Wednesday, January 28, 2009

LA's Surveillance Timeblades

[Image: Police Helicopters, by John Nyboer, via Polar Inertia.]

Up on Polar Inertia right now in the winter issue is a sweet little photo stream of LAPD helicopters by photographer John Nyboer who writes, “Police helicopters are an inescapable presence in Los Angeles. Near the freeways, daily accidents beckon the air patrol along with a swarm of TV news twirly-birds. In the more densely populated neighborhoods, copter blades beat the air day and night as the police respond to crimes real and imagined to probe with binoculars and spotlights. The wealthy Hills of Beverly and Hollywood are not immune to their presence: the police integrate these neighborhoods into flight patterns. Even at the beaches, LAPD and Sheriff's copters pay surprisingly close attention to sunbathers and tourists.”
This reminds me of an older post here on Subtopia which sort of situated the military helicopter patrol constantly whirling over Baghdad as the shadowy cog in a perpetual motion “War on Terror” that endlessly churns at its nexus point in the Middle East.
You’ll have to forgive me for reposting an extract from that old post here again:

“the war machine lodged in the cradle of civilization; its precision blades rotating and sweeping violently across the face of modern Baghdad like Leviathan clockhands that have seized control of history and time itself. Somehow superior to the sun’s own momentum this shadow of war remains fixed at the center of Baghdad’s image and place in time right now. The Blackhawk’s crusading swords dissect the airspace of Iraq’s temporal sovereignty delivering a chronographic-like stoppage of time across the city as the Gods of War have seen fit to hack the moment – and as if the entire metropolis were completely calibrated to the time/space dials of U.S. occupation.
However, despite curfew the Blackhawk – bound to the sky in circuitous patterns of panoptic centrifuge – is what also keeps the gears of time constantly spun. Looping barely above the earth day and night the war machine’s black glove turns a great balance wheel back and forth upon which the entire city rests. As such, Baghdad is like the militarized pacemaker for endless conflict always oscillating in and out of stability; it is a city tectonically wound over and over again for a perpetual motion War On Terror.
Look at the photo once more though and you may find it’s not even Baghdad at all. Listen carefully. Overhead the Blackhawks are circling. Nearly everywhere now from San Diego to Afghanistan the skies are filled with these propellers and others just like them synchronizing the invisible gear trains of conflict across every time zone. They are the symbolic clockworks of a wartime economy, and this image to me just seems like a giant time stamp for it all.”
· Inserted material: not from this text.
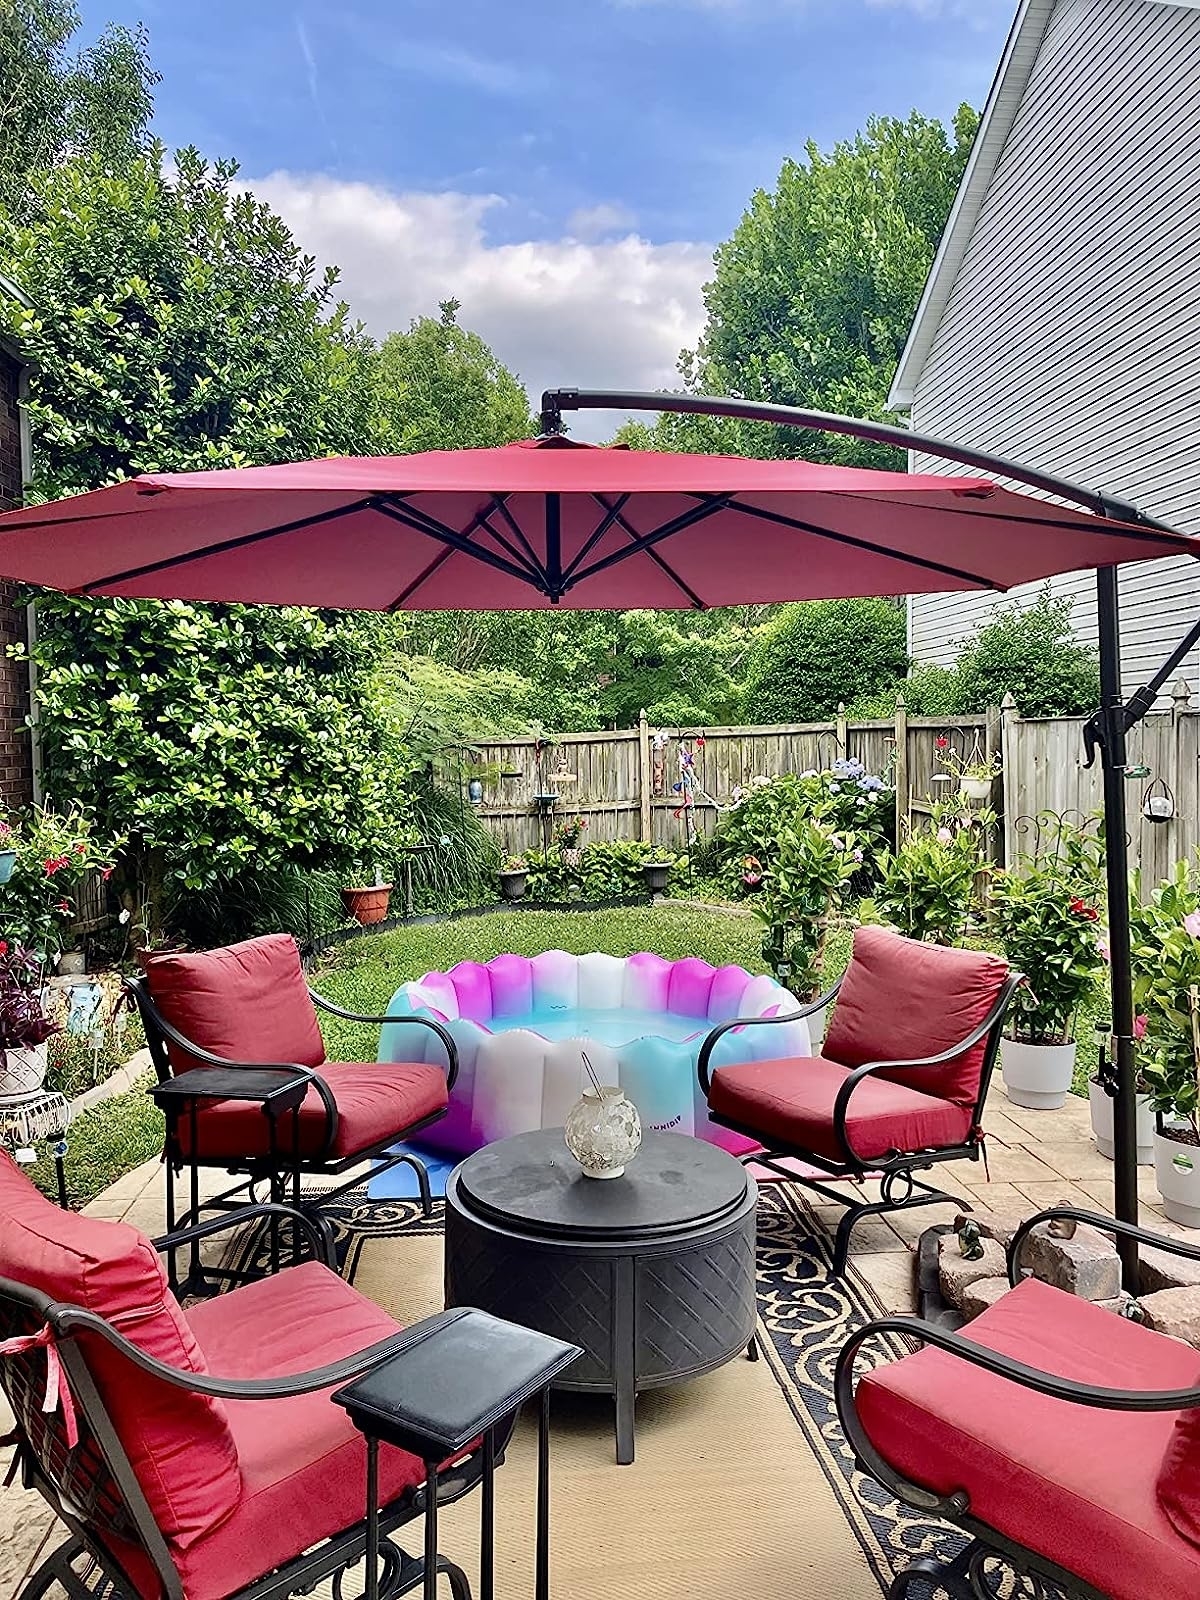 reviewer photo of the red umbrella providing shade for a small table and four chairs
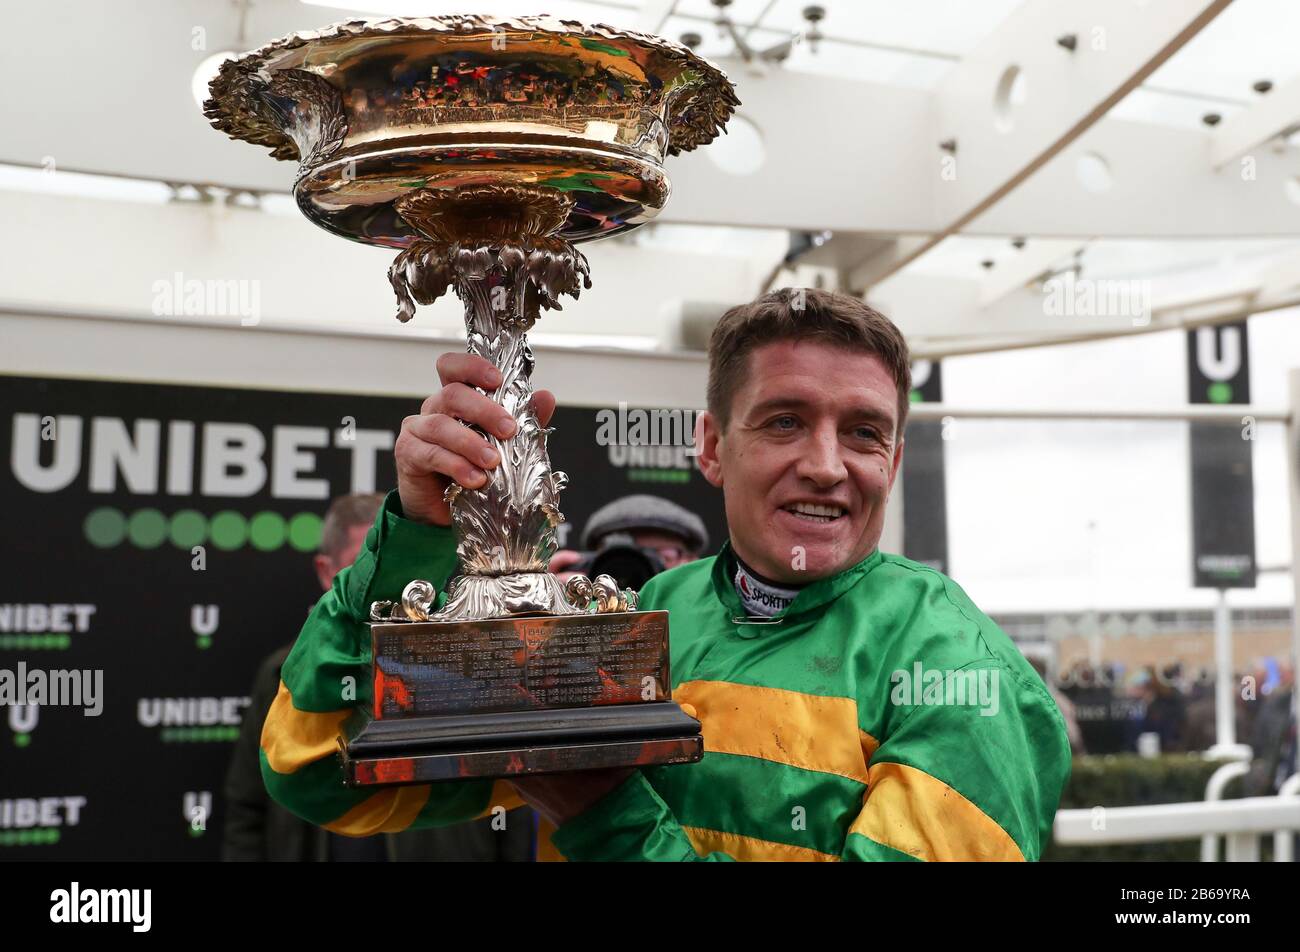 Winning Jockey of of Epatante, Barry Geraghty following victory in the Unibet Champion Hurdle Challenge Trophy on day one of the Cheltenham Festival at Cheltenham Racecourse, Cheltenham. Stock Photo

Though, it may not be the LAPD helis which will reel in our concern in the future so much as the flight of this miniature drone, described as a basically a hi-tech kite armed with GPS enabled compasses and video camera which can be controlled by users on the ground. The Skyseer was sort of illegally tested by the LAPD in 2006 without proper FAA licensing, but is being hailed as a promising implement in the evolution of urban surveillance. Operates like a toy, is capable of hovering and pinpointing precise locations with its remote viewfinder, streaming video back to command stations, is cheap and lightweight, and probably the next step before even tinier robotic surveillance systems take over.
So, if you look up to the sky one day and see this toy airplane just sort of hanging out overhead, with no kids in site, be advised, you could be making an unwitting appearance on Homeland Security, USA! Make sure to wear a good disguise.